A Neural Network Computational Spectrometer Trained by a Small Dataset with High-Correlation Optical Filters

Sensors 2024, 24(5), 1553; https://doi.org/10.3390/s24051553
by Haojie Liao 1, Lin Yang 1,2,*, Yuanhao Zheng 1 and Yansong Wang 1,2
Reviewer 1: Anonymous
Reviewer 2: Anonymous
Reviewer 3: Anonymous
Sensors 2024, 24(5), 1553; https://doi.org/10.3390/s24051553
Submission received: 2 January 2024 / Revised: 19 February 2024 / Accepted: 24 February 2024 / Published: 28 February 2024
(This article belongs to the Section Optical Sensors)

Round 1

Reviewer 1 Report

Comments and Suggestions for Authors

I read the manuscript with great attention. Several typing errors are present and all cross-references to figures are skipped.
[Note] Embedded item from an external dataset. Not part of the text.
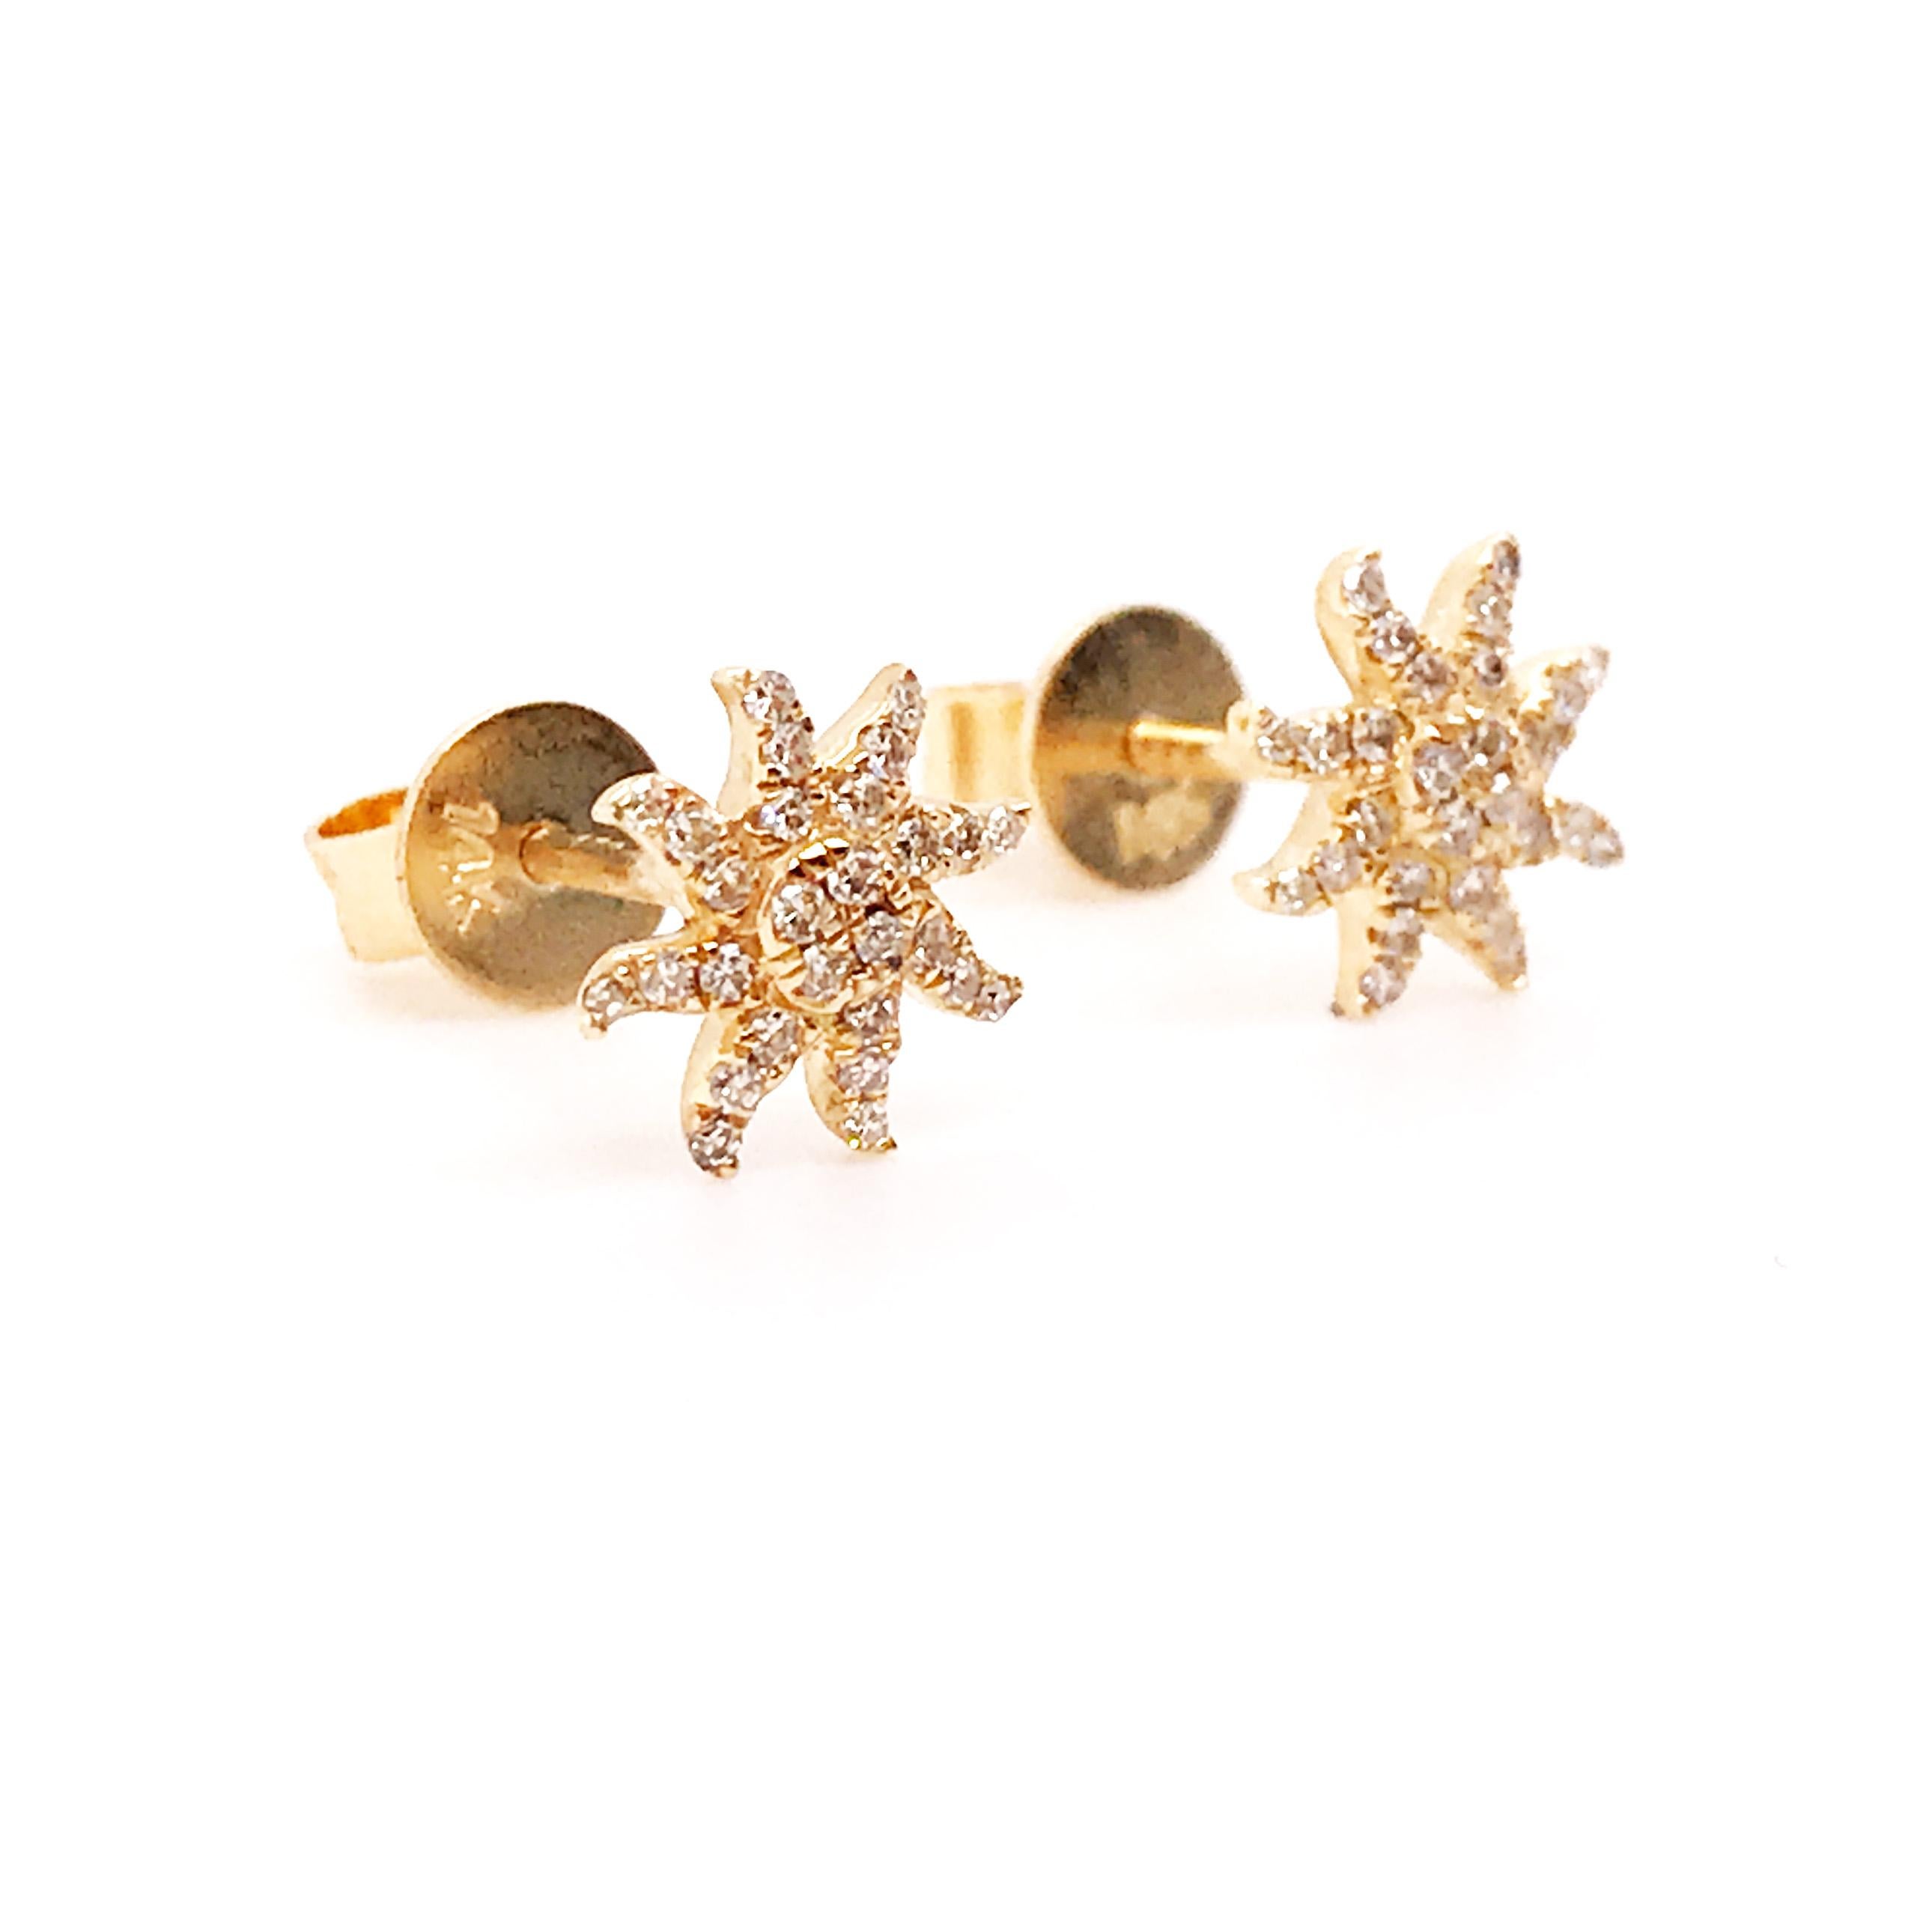 Brighten your day with these starburst sun earrings! Paved in diamonds, these earrings are so special and adorable. These diamond stud earrings have great personality and add a creative touch to any fine jewelry collection. These would make such a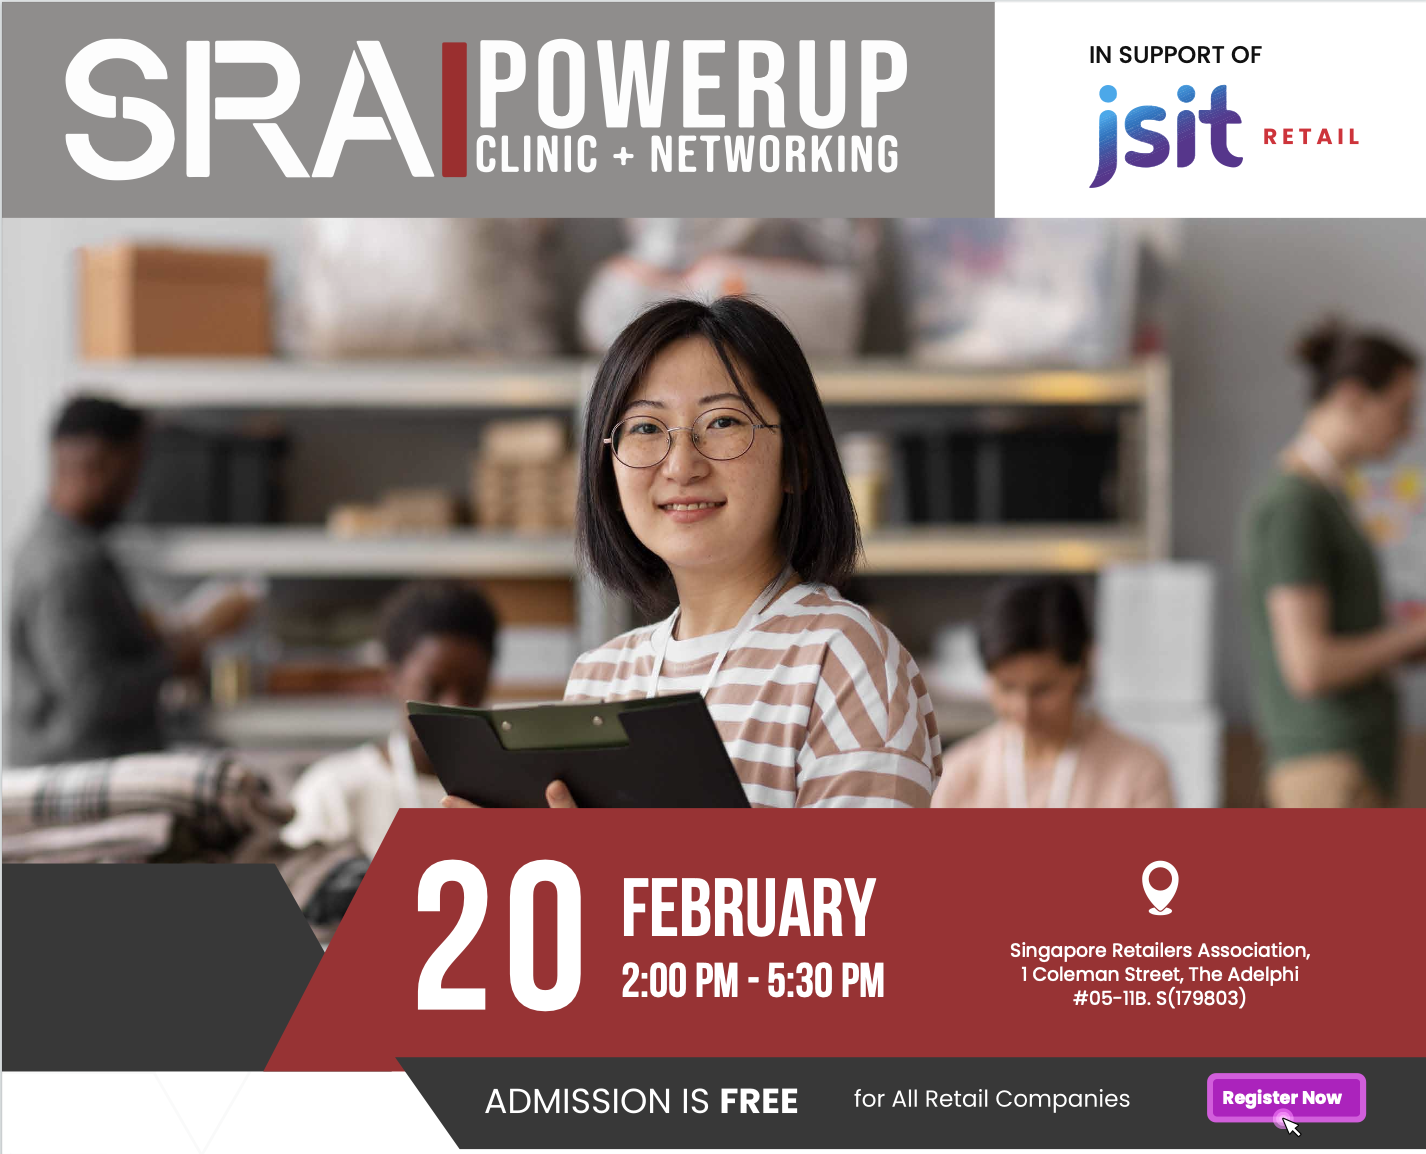 SRA POWERUP CLINIC & NETWORKING

The manuscript describes many previous works on the subject without clearly explaining what is new in this manuscript. The description of the model is somehow unclear and the whole manuscript is very difficult to be followed. 

I would suggest a deep revision of the manuscript before publication

Comments on the Quality of English Language

Several typing errors are present and all cross-references to figures are skipped.

Author Response

Point 1. I read the manuscript with great attention. Several typing errors are present and all cross-references to figures are skipped.

Response:  On behalf of all authors, we appreciate your devoted attention to the details of the manuscript, typographical errors in the manuscript have been fixed, as well as errors in the citation of figures.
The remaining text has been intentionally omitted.